- _Task objective_:
Look through the entries below for the line with "Pencils clipart simple. Pen pencil big image" and the line with "把握固めるトーナメント美は口紅の保湿剤の唇の光沢の化粧品セットを構成します", then give again exactly those two lines and all lines between them, minus the pictures.

- _Data supplied_:

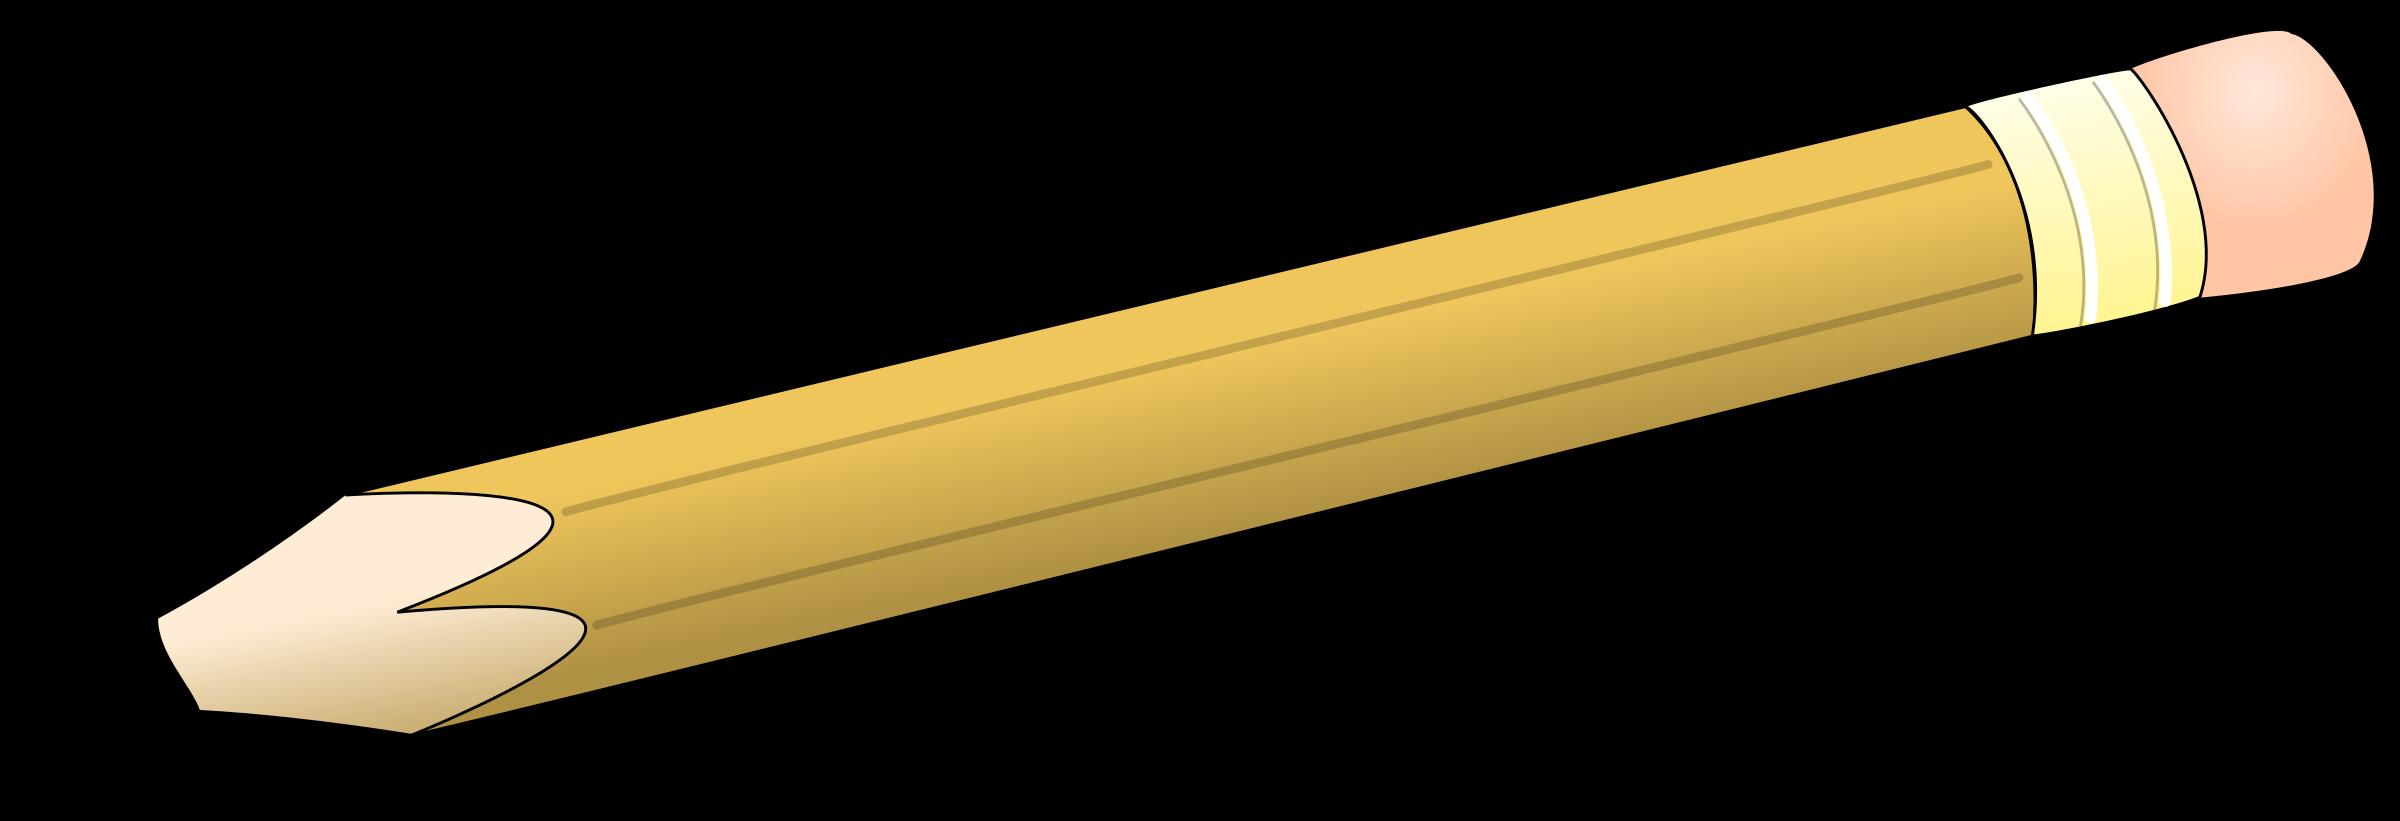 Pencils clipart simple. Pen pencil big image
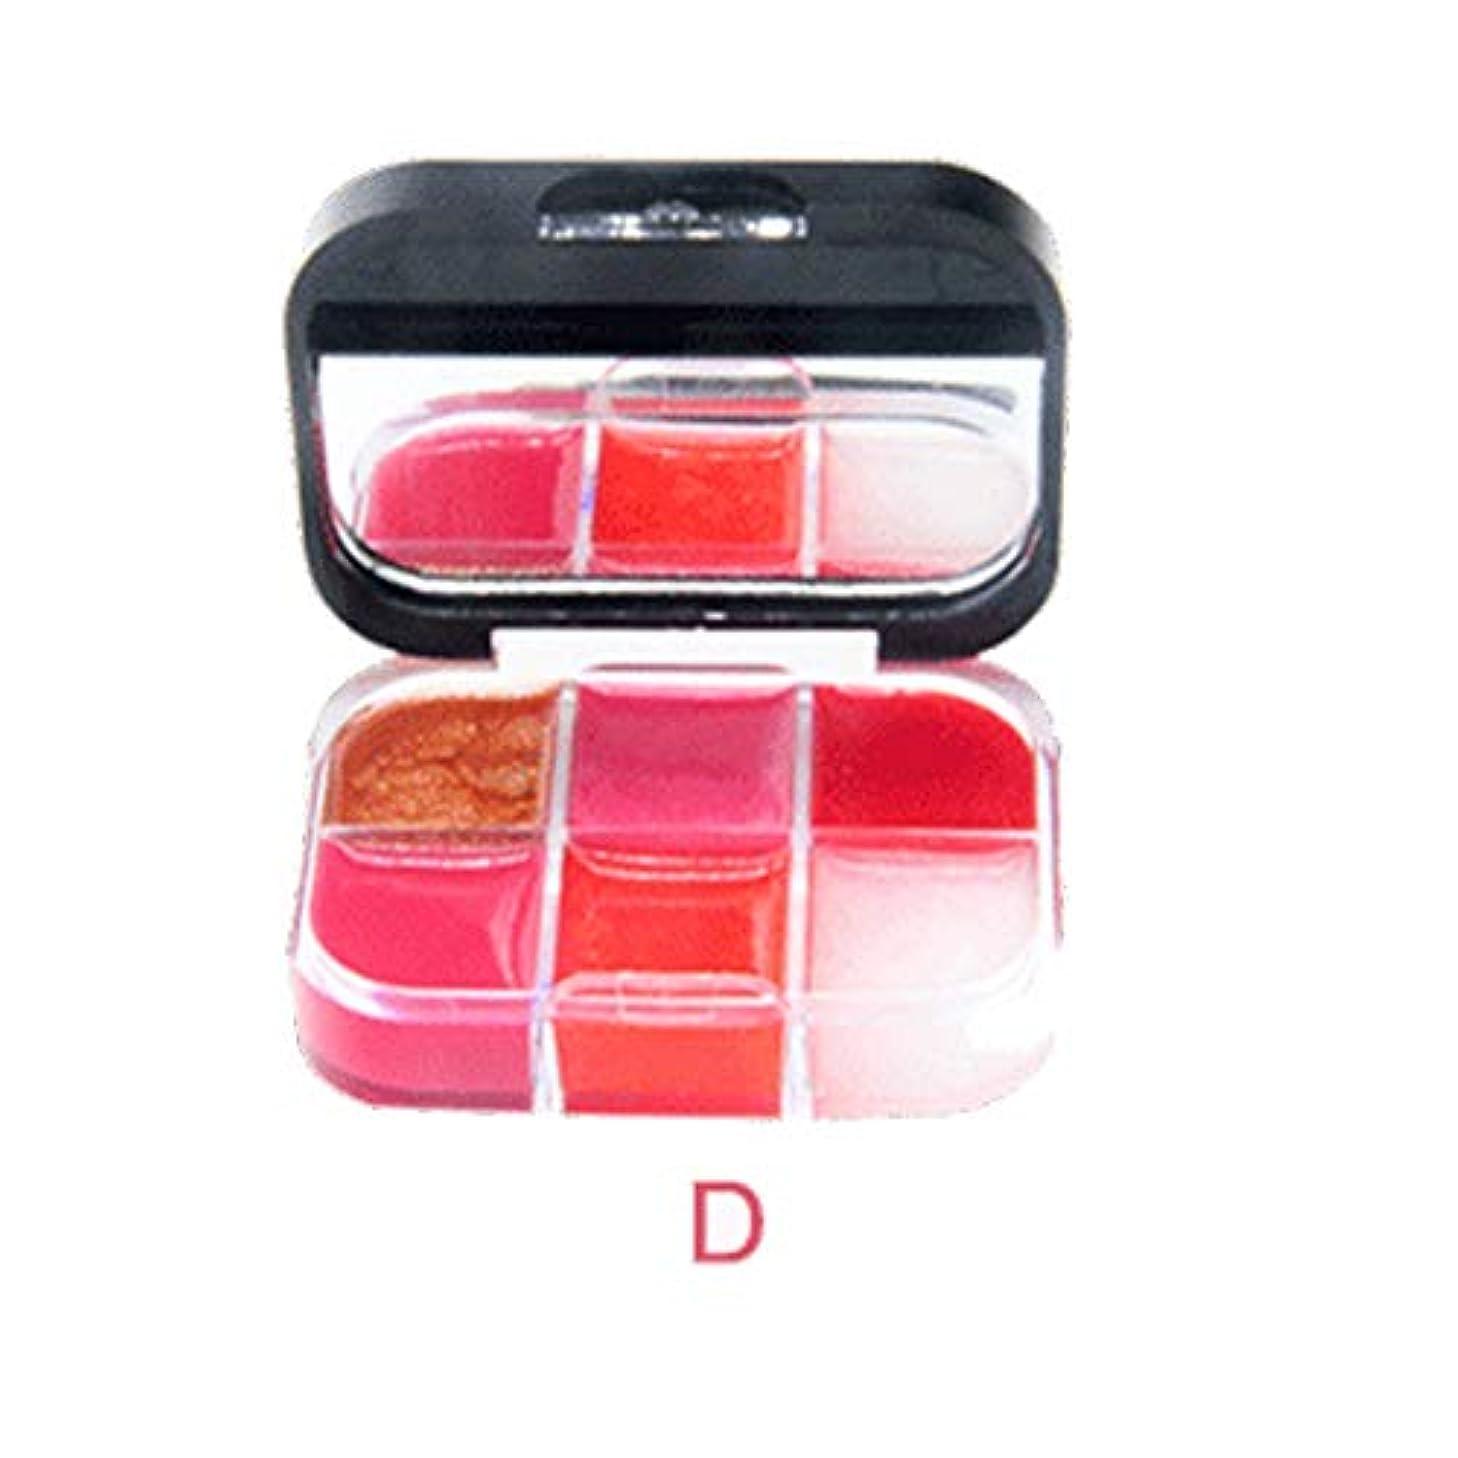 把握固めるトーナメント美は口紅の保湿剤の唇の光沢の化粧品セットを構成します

---

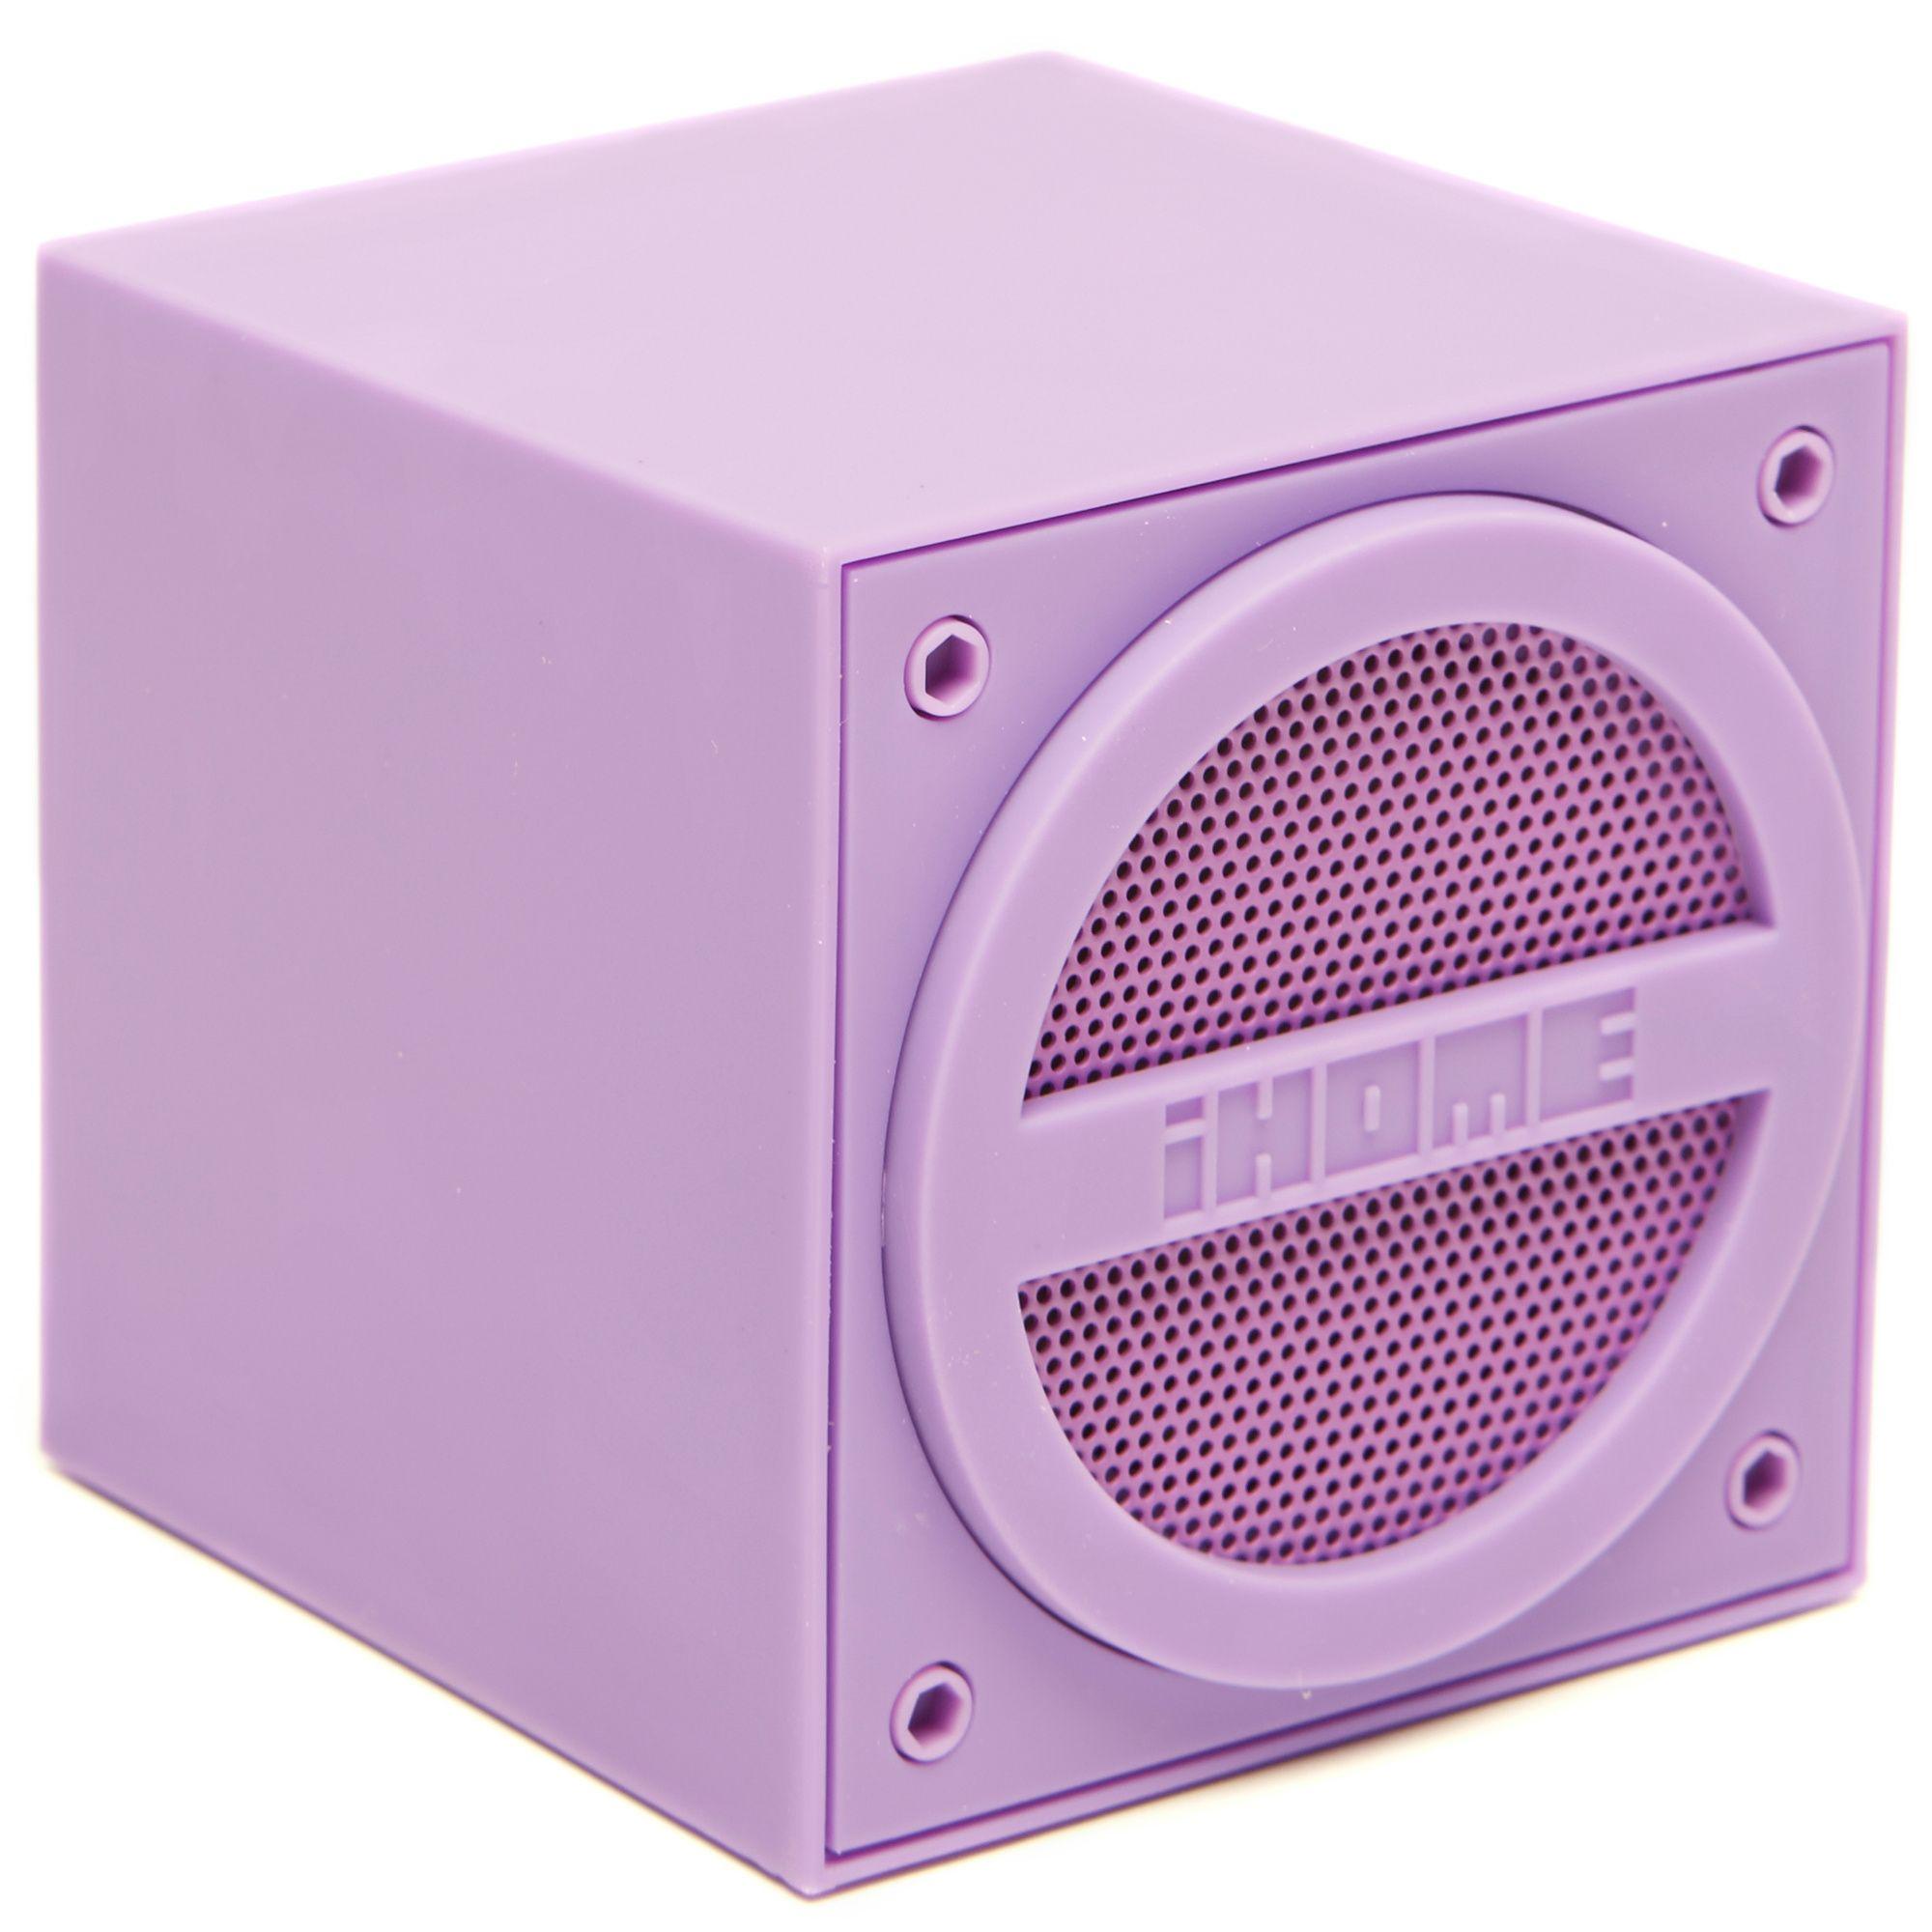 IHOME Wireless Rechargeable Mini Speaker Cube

--

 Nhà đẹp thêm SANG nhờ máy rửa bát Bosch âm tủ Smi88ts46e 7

- _Solution to the problem_:
 Pencils clipart simple. Pen pencil big image
 把握固めるトーナメント美は口紅の保湿剤の唇の光沢の化粧品セットを構成します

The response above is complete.